Now if [tex]E=V_0[/tex], the solution to this equation is a straight line [tex]\Psi (x)=ax+b[/tex]. However since the region is infinitely large, there is no values for a and b other than 0 that will normalize [tex]\Psi[/tex], hence we must conclude that [tex]\Psi (x)=0[/tex] in this region.

Fine, that mean for [tex]E=V_0[/tex], there is a total reflection of a particle coming from the left (from negative x).

However if [tex]E\neq V_0[/tex] (for both [tex]E<V_0[/tex] and [tex]E>v_0[/tex]), there's no total reflection, quite strange. I'm trying to understand the physical meaning of that.
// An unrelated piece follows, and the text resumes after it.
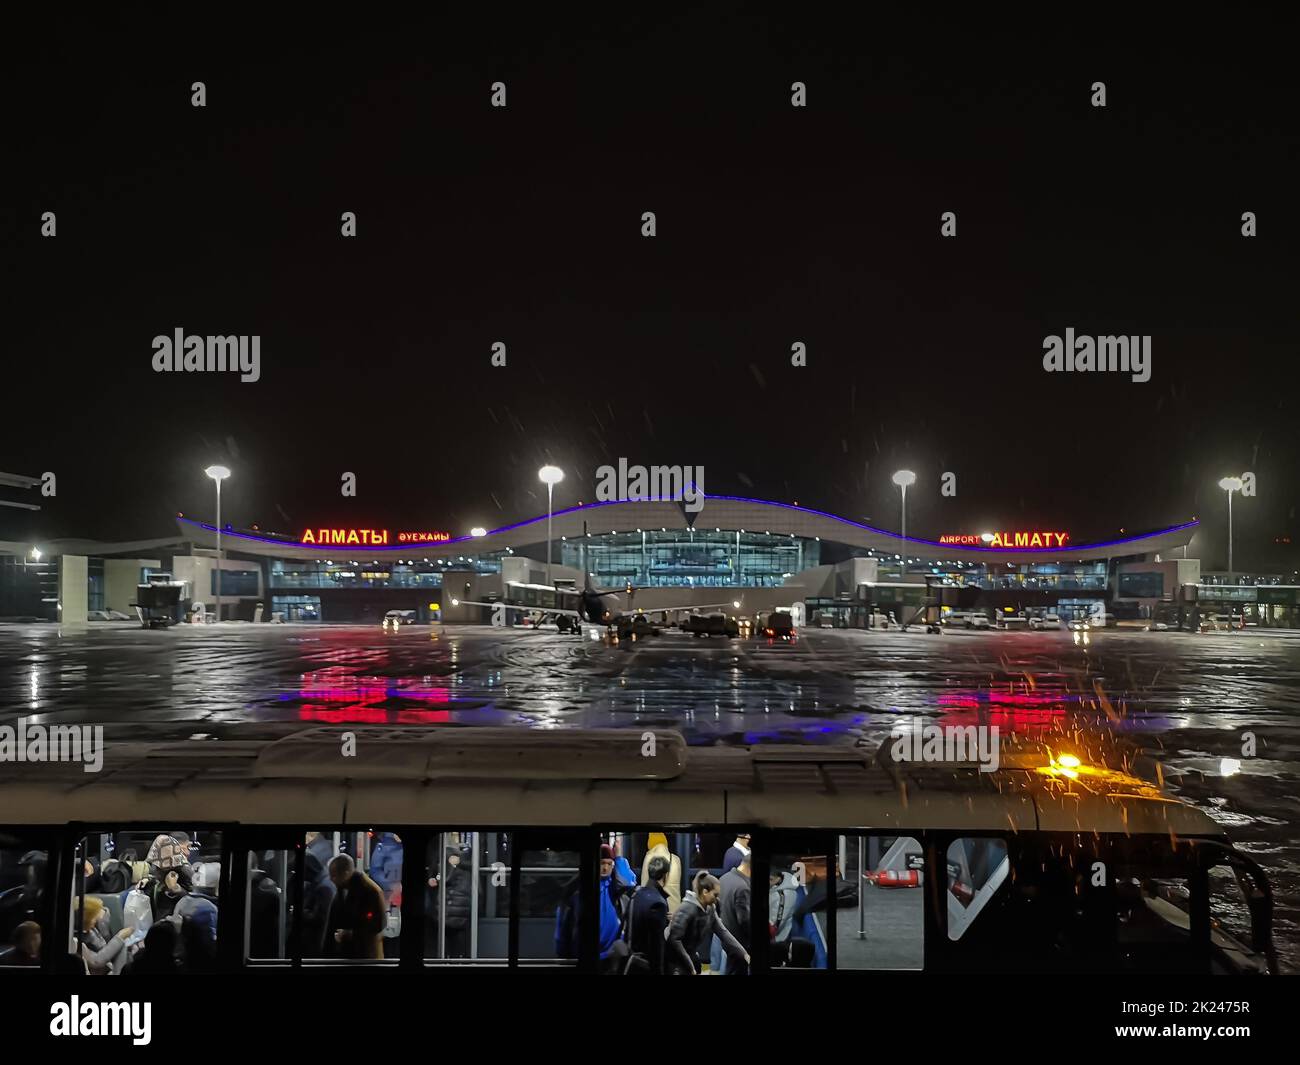 ALMATY, KAZAKHSTAN - NOVEMBER 7, 2019: Night view of Almaty International Airport, Kazakhstan Stock Photo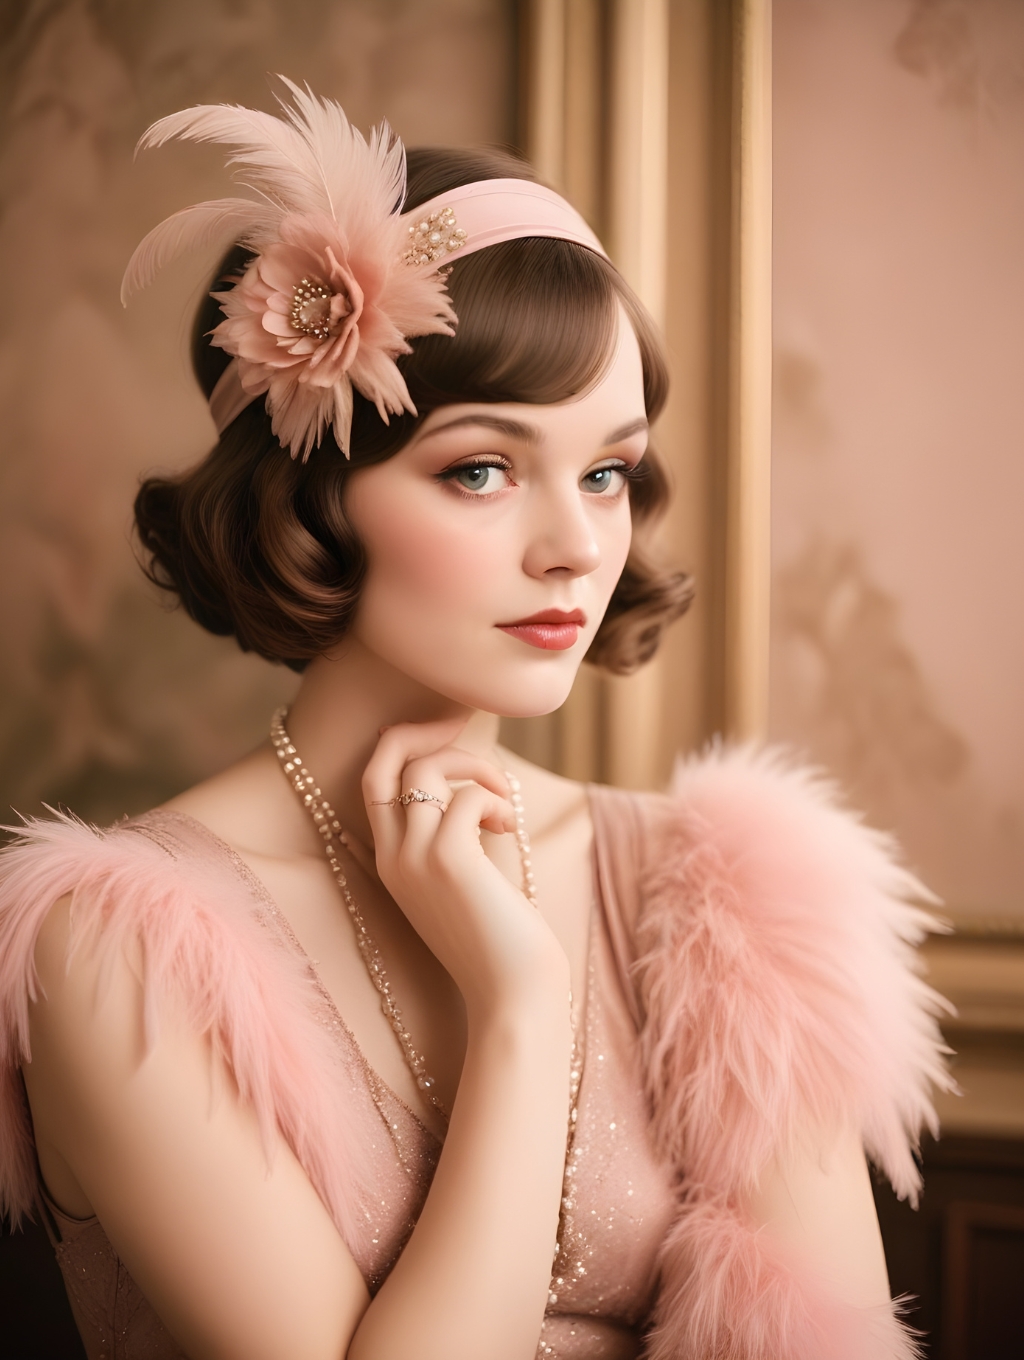 Gatsby Portraits Women: Image Frames & Self-Portraits-Theme:3

It's like there's a well definite energy that isn't allowed for a particle to pass the potential.

If we now consider a region [tex]V(x)=\infty[/tex] for [tex]x<0[/tex], [tex]V(x)=V_0[/tex] for [tex]0 \leq x \leq a[/tex] and [tex]V(x)=\infty[/tex] for [tex]x>a[/tex], and if [tex]E=V_0[/tex], then I think there's an infinity of possible solutions. I mean there are an infinite number of constants A and B such that [tex]\int_0 ^a |Ax+B|^2 dx =1[/tex]. I don't think it's possible physically, so what's going on?

By the way I get the condition [tex]\frac{A^2 a^3}{3}+ a^2|AB| + B^2 a =1[/tex].

And also in the case of having a region of potential of the form [tex]V(x)=0[/tex] for [tex]x<0[/tex], [tex]V(x)=V_0[/tex] for [tex]0 \leq x \leq a[/tex] and [tex]V(x)=0[/tex] for [tex]x>a[/tex], the same problem appears in the central region. It seems like the particle can have infinitely many different [tex]\Psi (x)[/tex] which doesn't make sense to me.

What's happening?